MATERIALS PROVIDED:

Start of Block

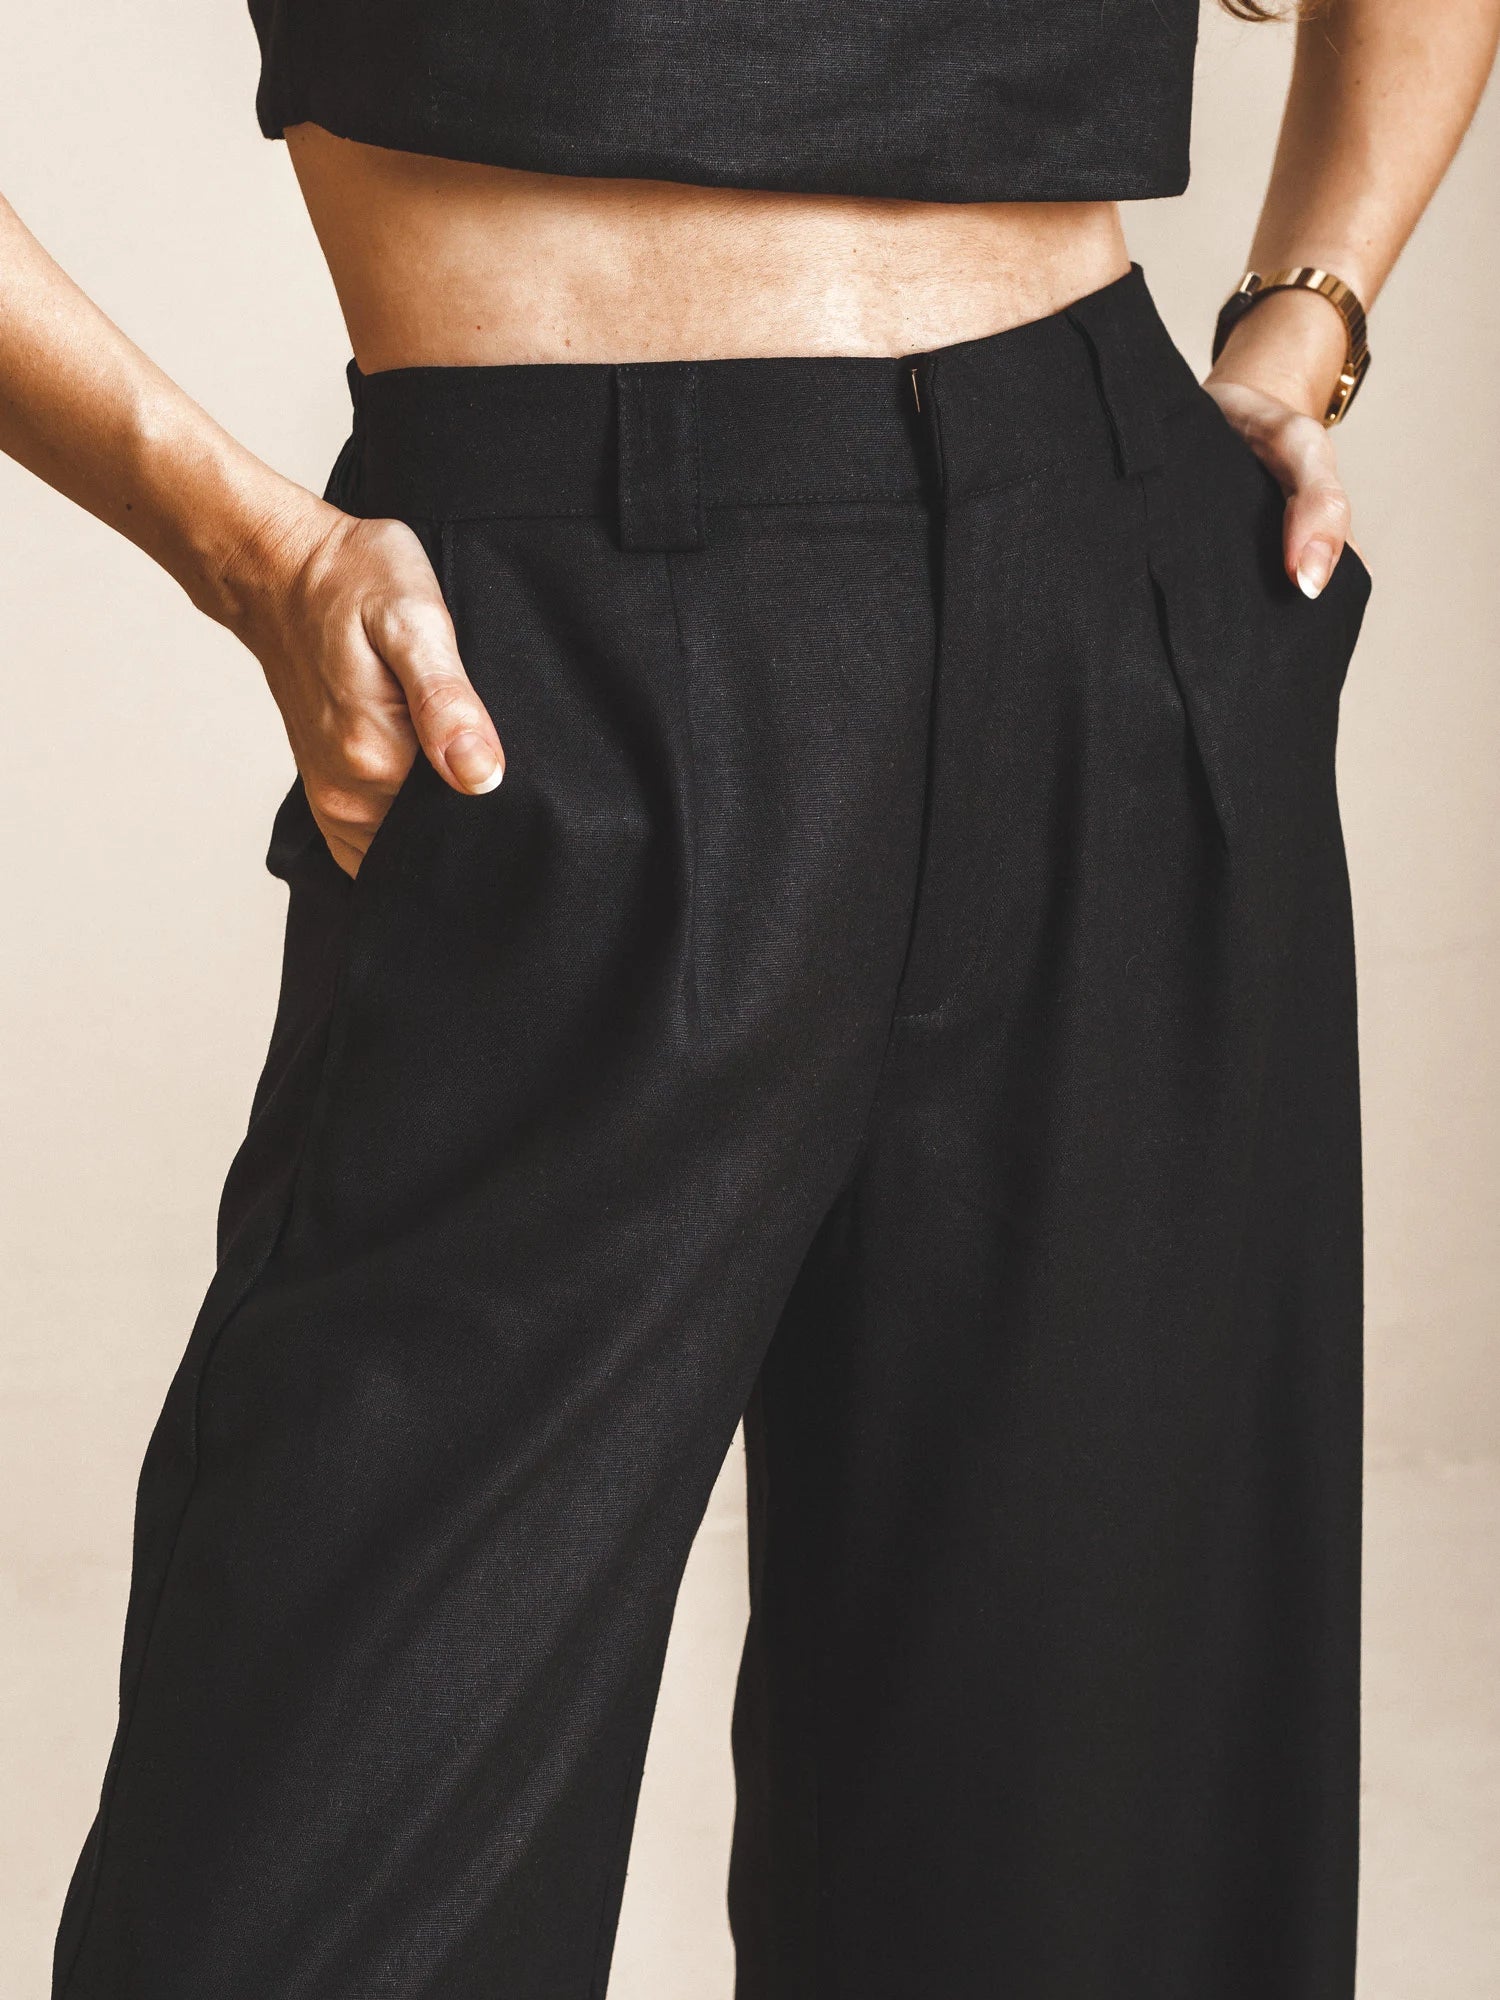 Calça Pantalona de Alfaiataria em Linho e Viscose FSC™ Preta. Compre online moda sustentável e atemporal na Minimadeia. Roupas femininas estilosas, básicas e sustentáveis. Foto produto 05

End of Block
Start of Block

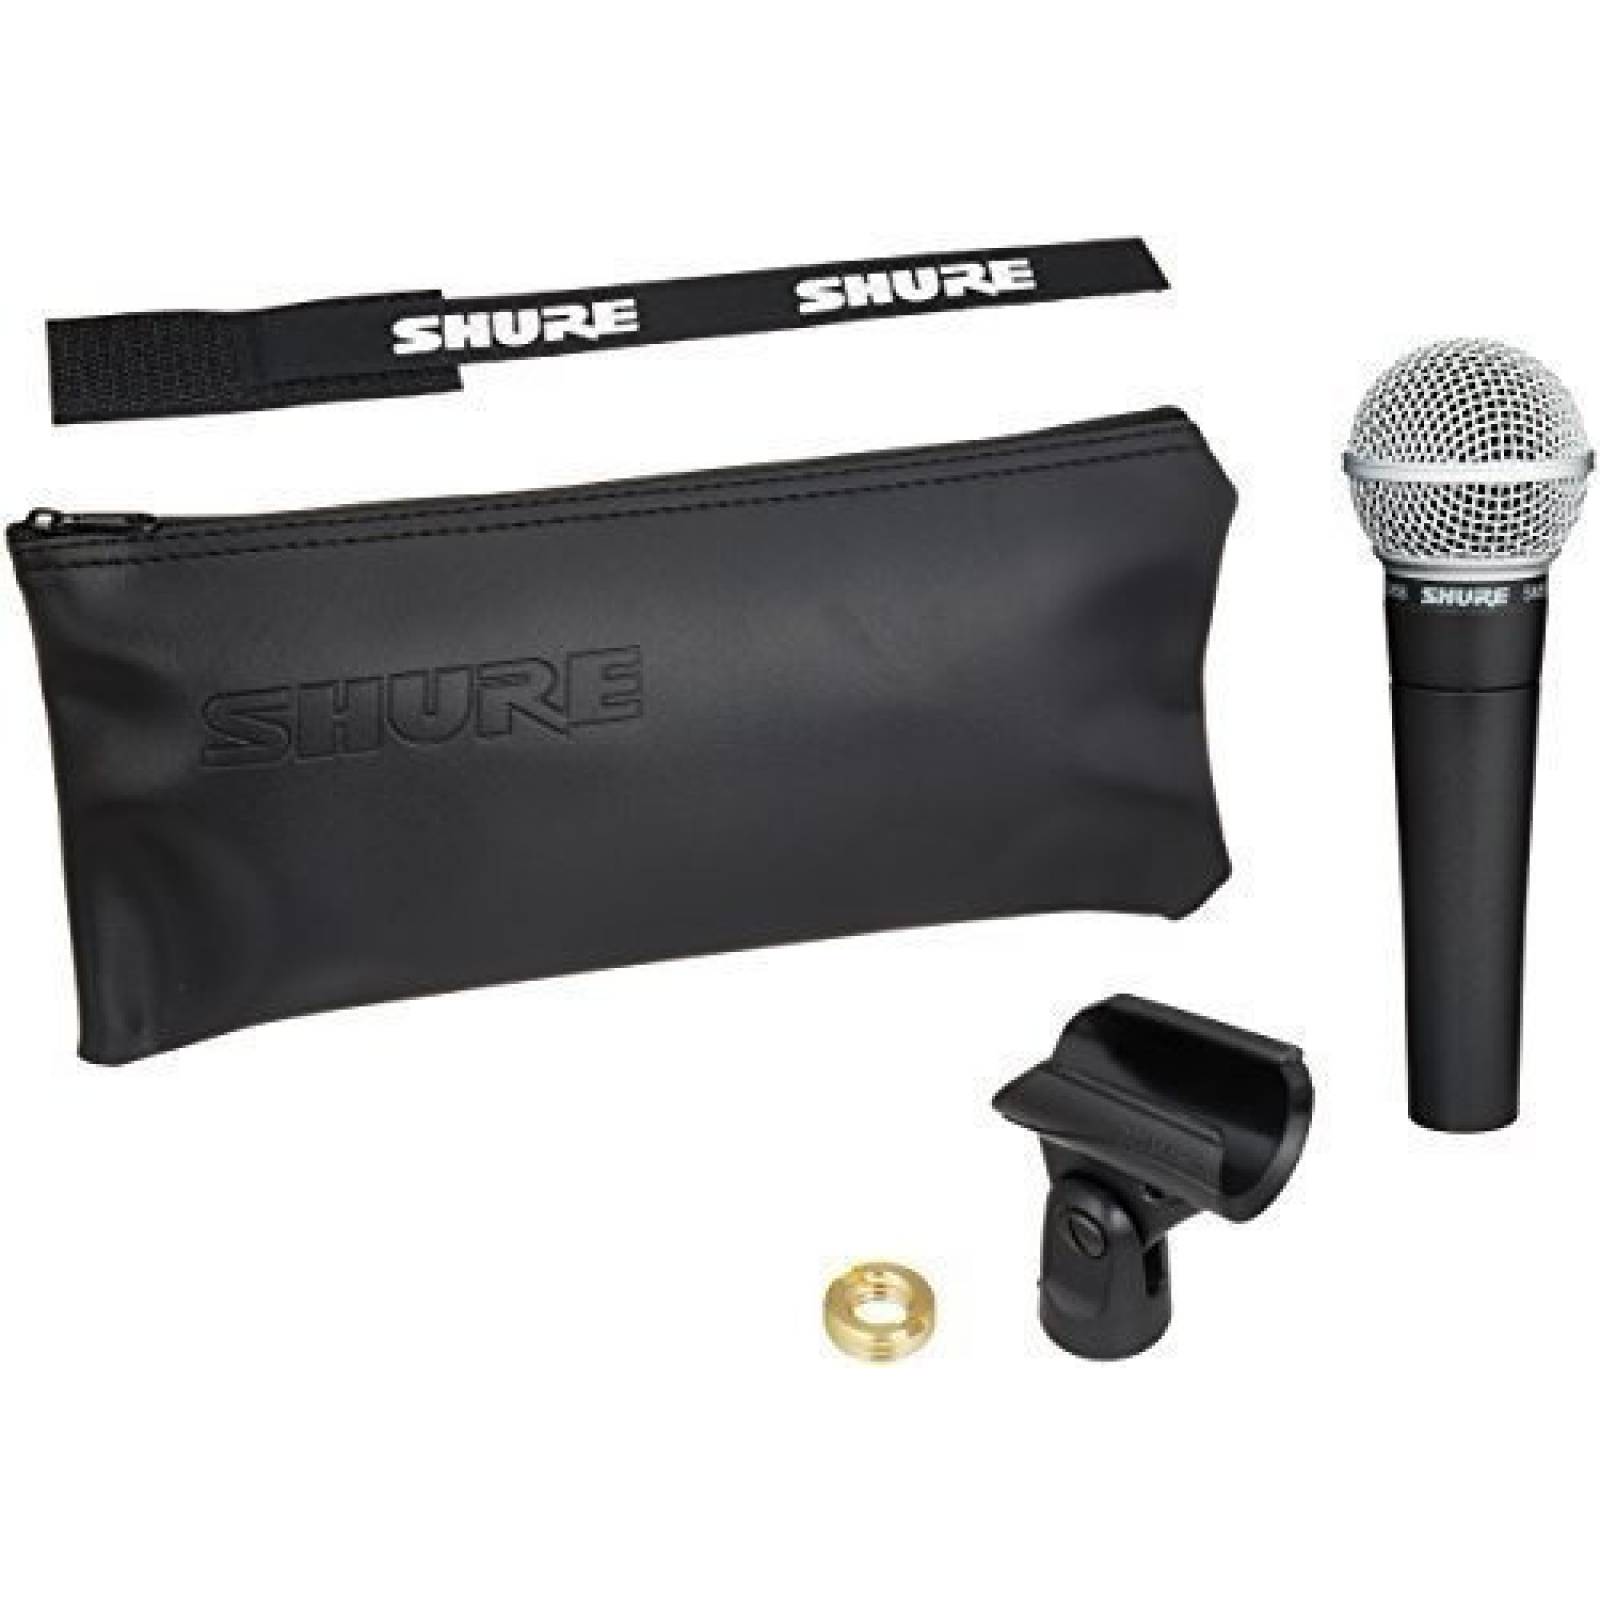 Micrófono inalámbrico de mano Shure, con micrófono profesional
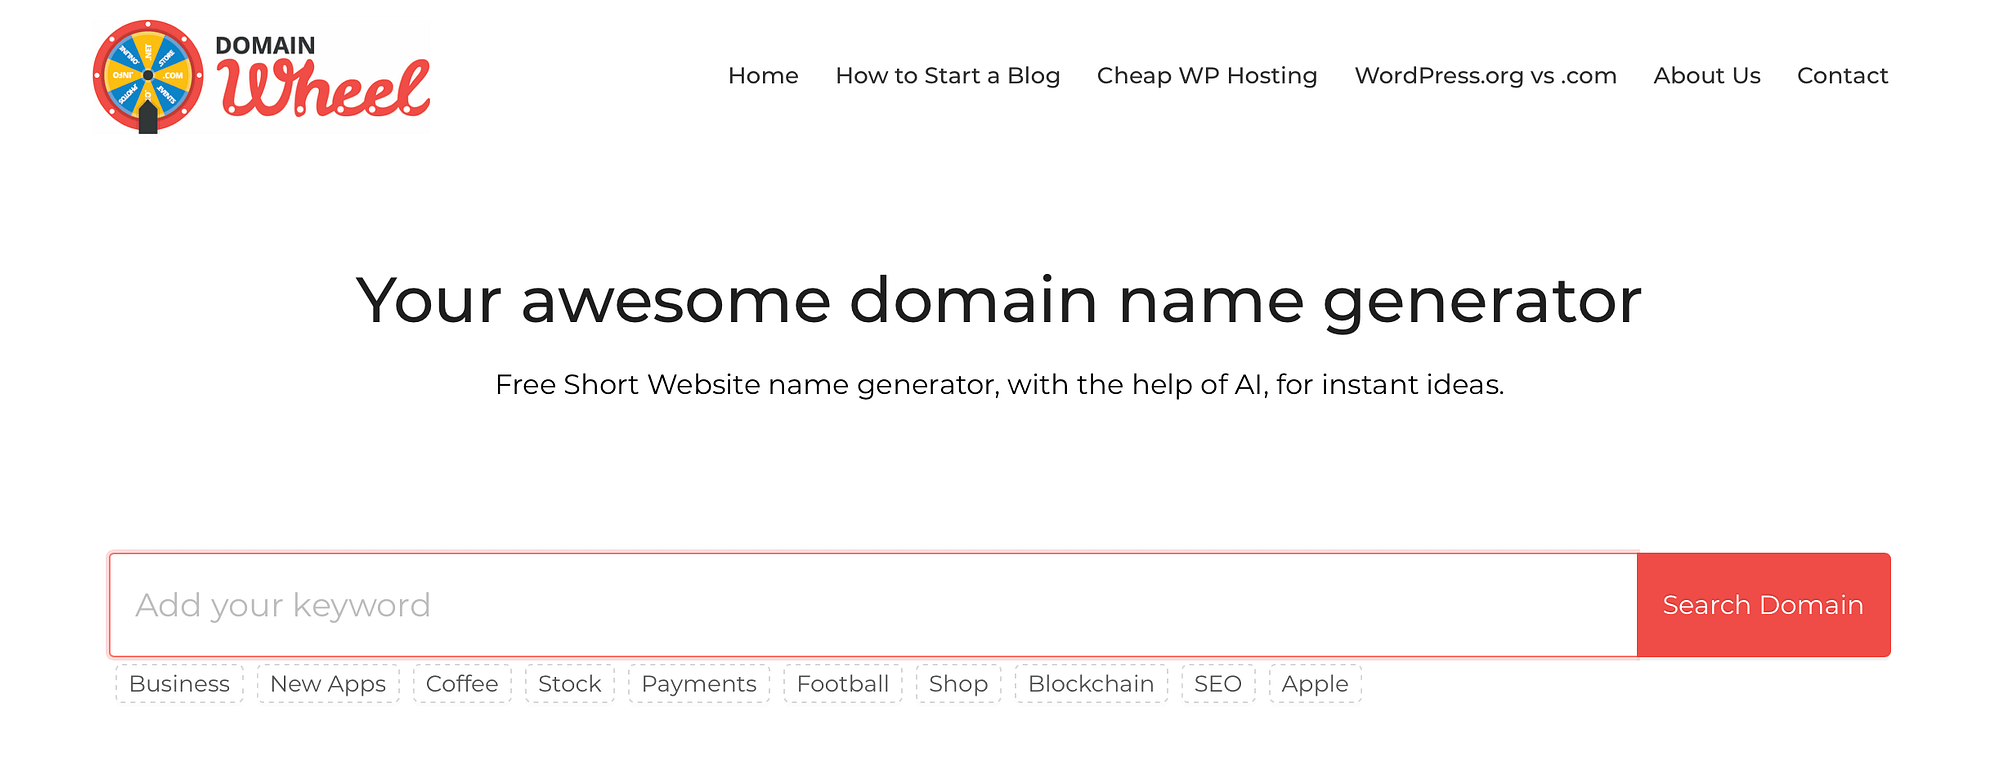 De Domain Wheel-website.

End of Block

Write out exactly the run of lines above that starts at the line containing "Micrófono inalámbrico de" and ends at the line containing "De Domain Wheel-website.". Include both, and leave the pictures out.

 Micrófono inalámbrico de mano Shure, con micrófono profesional
 De Domain Wheel-website.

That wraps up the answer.